La commedia si apre con un dialogo tra Sanchez e il fratello Francesco che lo informa che la figlia, di sera, si incontra di nascosto con i cugini e, in particolare, proprio con suo figlio Diego e il murciano e lo consiglia di nascondersi nell’alcova per scoprirli. A questo punto, fa la sua comparsa Sancio Panza, servitore di Aldonzo, intento a fare la corte a Ghiomar, la schiava mora di Sanchez, dando vita a un intermezzo farsesco. L’idillio sul più bello è interrotto dalla venuta dell’ebreo Isacco che viene a vendere i monili per il matrimonio di Maria, sorellastra di Teresa. Durante l’esposizione dei preziosi, Diego ruba alcuni gioielli  e insulta Isacco, dimostrando il suo carattere volgare e materialista.
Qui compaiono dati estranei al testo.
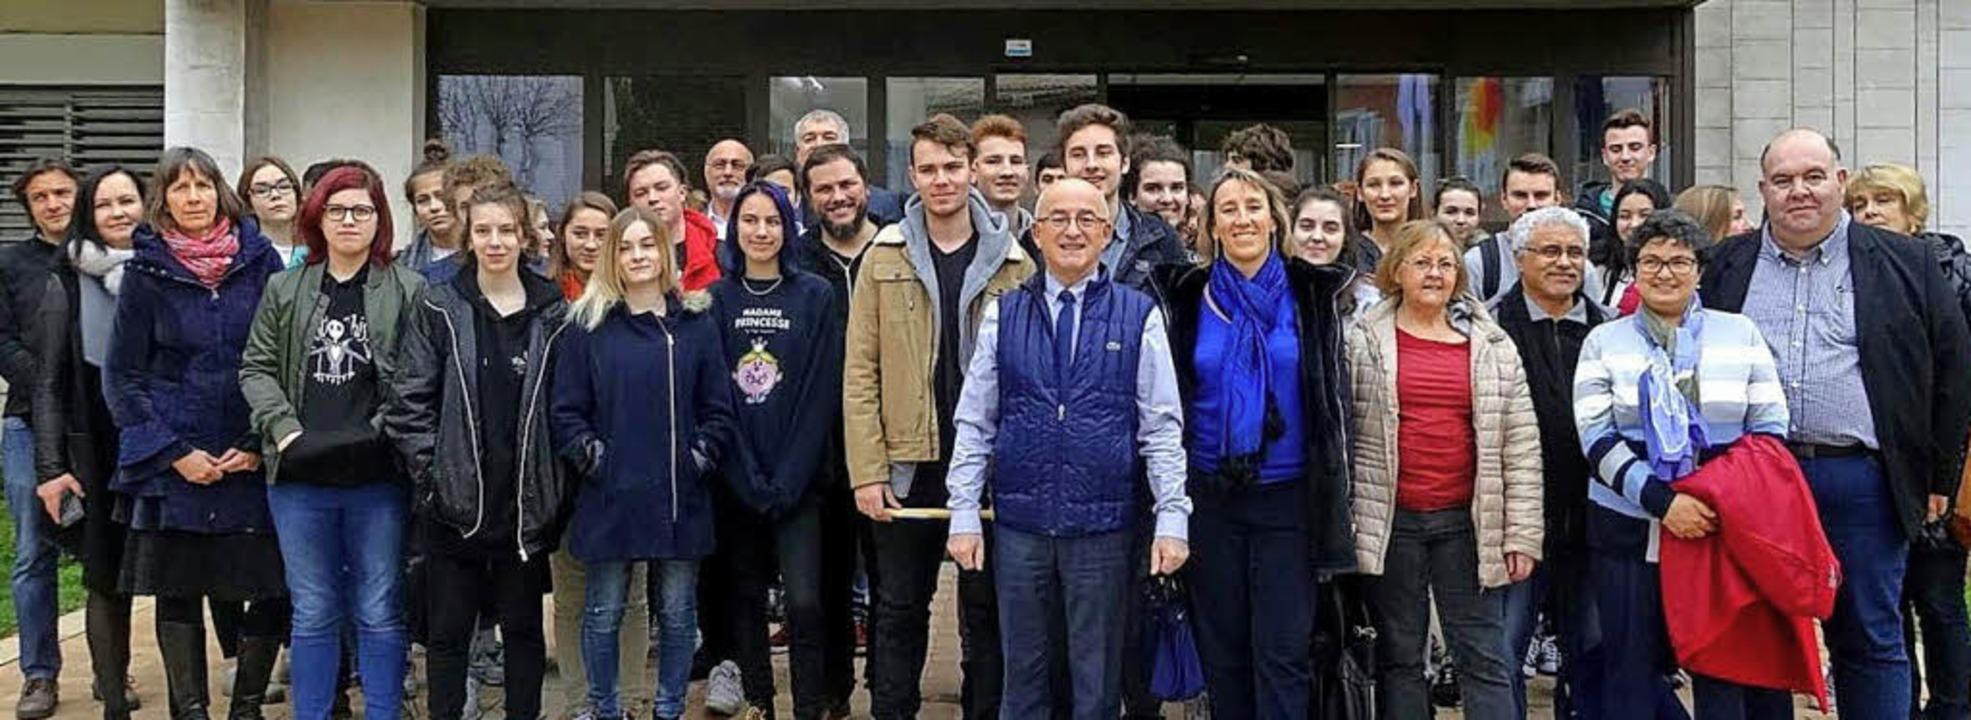 Schüler des Goethe-Gymnasiums Emmendin...oche in La Garde in Südfrankreich auf.  | Foto: Schule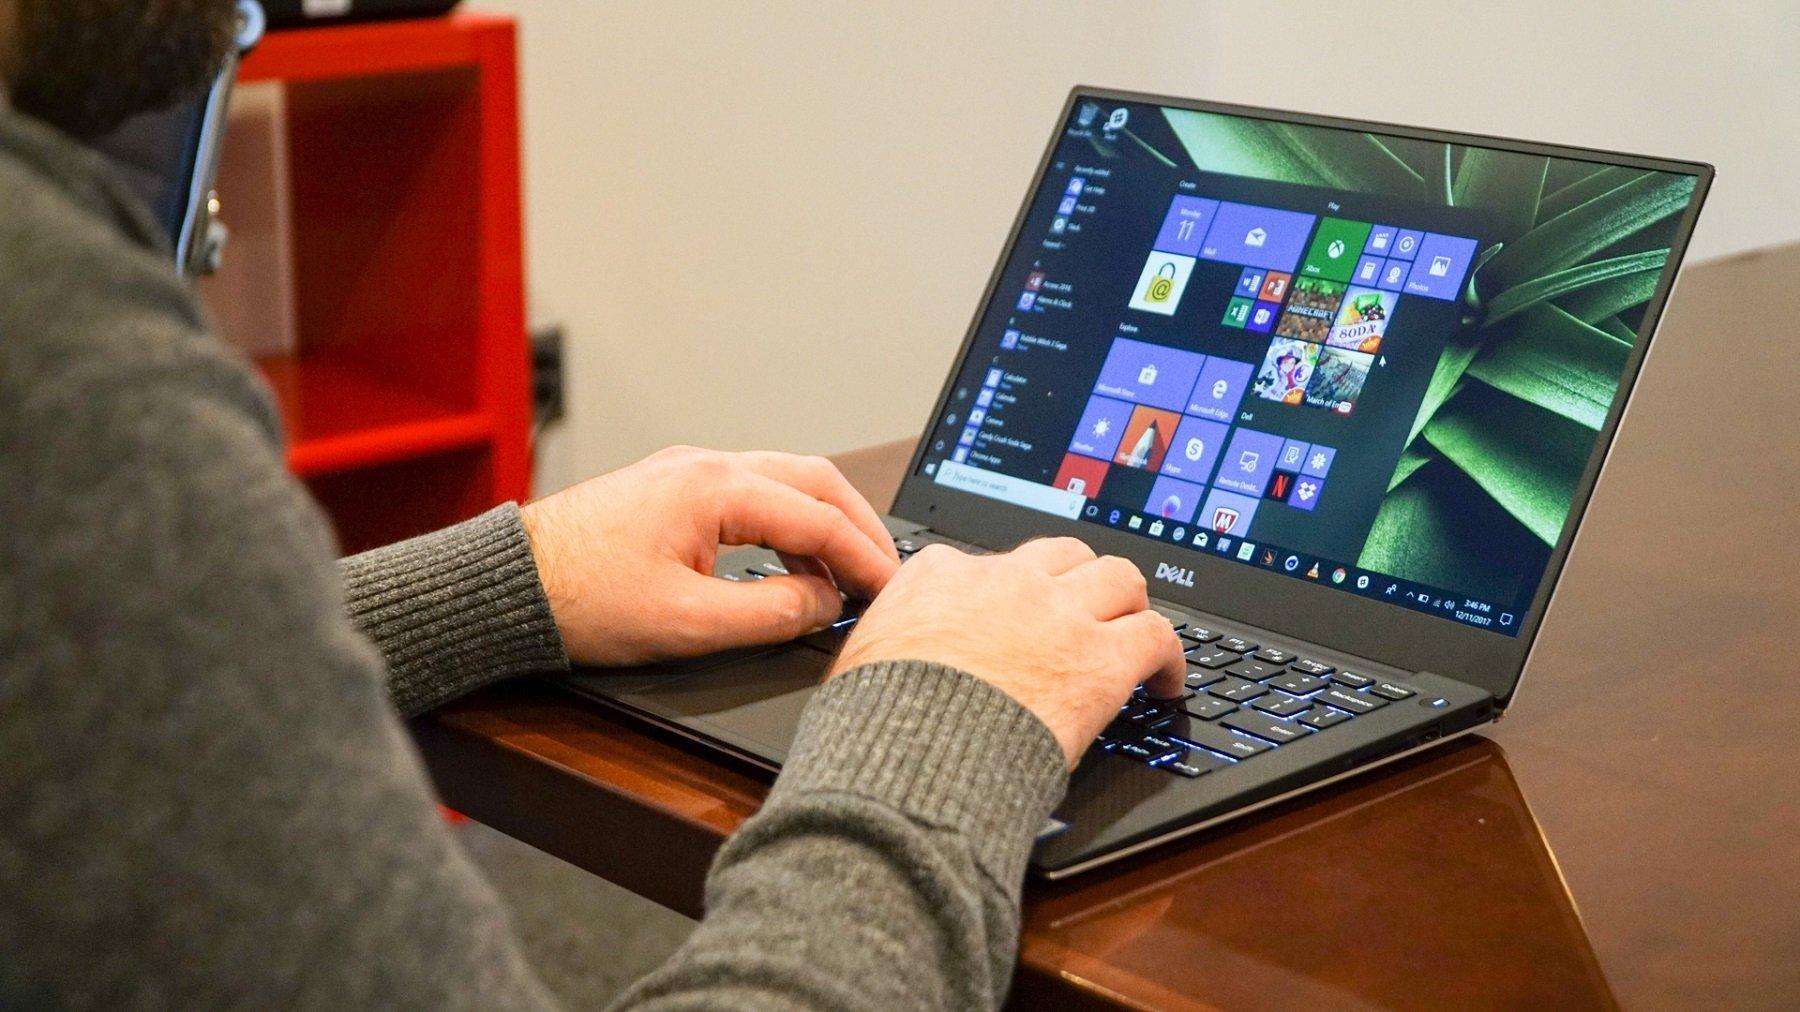 با این ابزارها برنامههای در حال اجرای ویندوز و مک را به بهترین شکل مدیریت کنید

Il momento centrale del primo atto è il colloquio tra Teresa e Aldonzo, durante il quale si rivelano le affinità tra questi due personaggi, alla costante ricerca del loro ideale, religioso per l’una e esistenziale per l’altro. Entrambi  amano leggere i libri di cavalleria, che la ragazza presta al cugino, rifiutano la realtà, amano “l’ignoto”, si “assomigliano”. Teresa dice esplicitamente: “Noi ci assomigliamo tanto” (Corvaglia, 1931: 38). Aldonzo però, che si definisce “sentinella dell’ideale” (Corvaglia, 1931: 41),  confessa di aver perso la fede, mentre a lei è sufficiente pronunciare il nome di Gesù per superare dubbi e incertezze:

Teresa. Prega… Anche a me certe volte pare così. Ma basta che dica: Gesù! Anche senza pensarci… Gesù! Non conosci l’effetto che fa quel nome nel cuore… Non è tanto l’immagine che lo fa, quanto i suoni… Nascondono in sé un incanto i suoni. Certi nomi ce l’hanno misterioso che non si sa chi ce l’abbia messo : Prova, per esempio, a dire: Mamma! Suona! Esalta! Placa! (Corvaglia, 1931: 39).

Subito dopo si svolge un colloquio tra Teresa e Diego che parla di Aldonzo come di un “visionario” (Corvaglia, 1931: 42), che finirà per smarrire il senno come già il padre che si credeva il Cid. Teresa, pur essendo innamorata di Diego, quando ha la conferma che aveva rubato, lo manda via, definendolo “anima di mercante… seviziatore di vecchi imbelli… ladro!” (Corvaglia, 1931: 46). L’atto termina con Sancio che nel tentativo di inseguire Ghiomar si ritrova invece con Sanchez e Francesco che nascosti dietro una tenda lo prendono a piattonate.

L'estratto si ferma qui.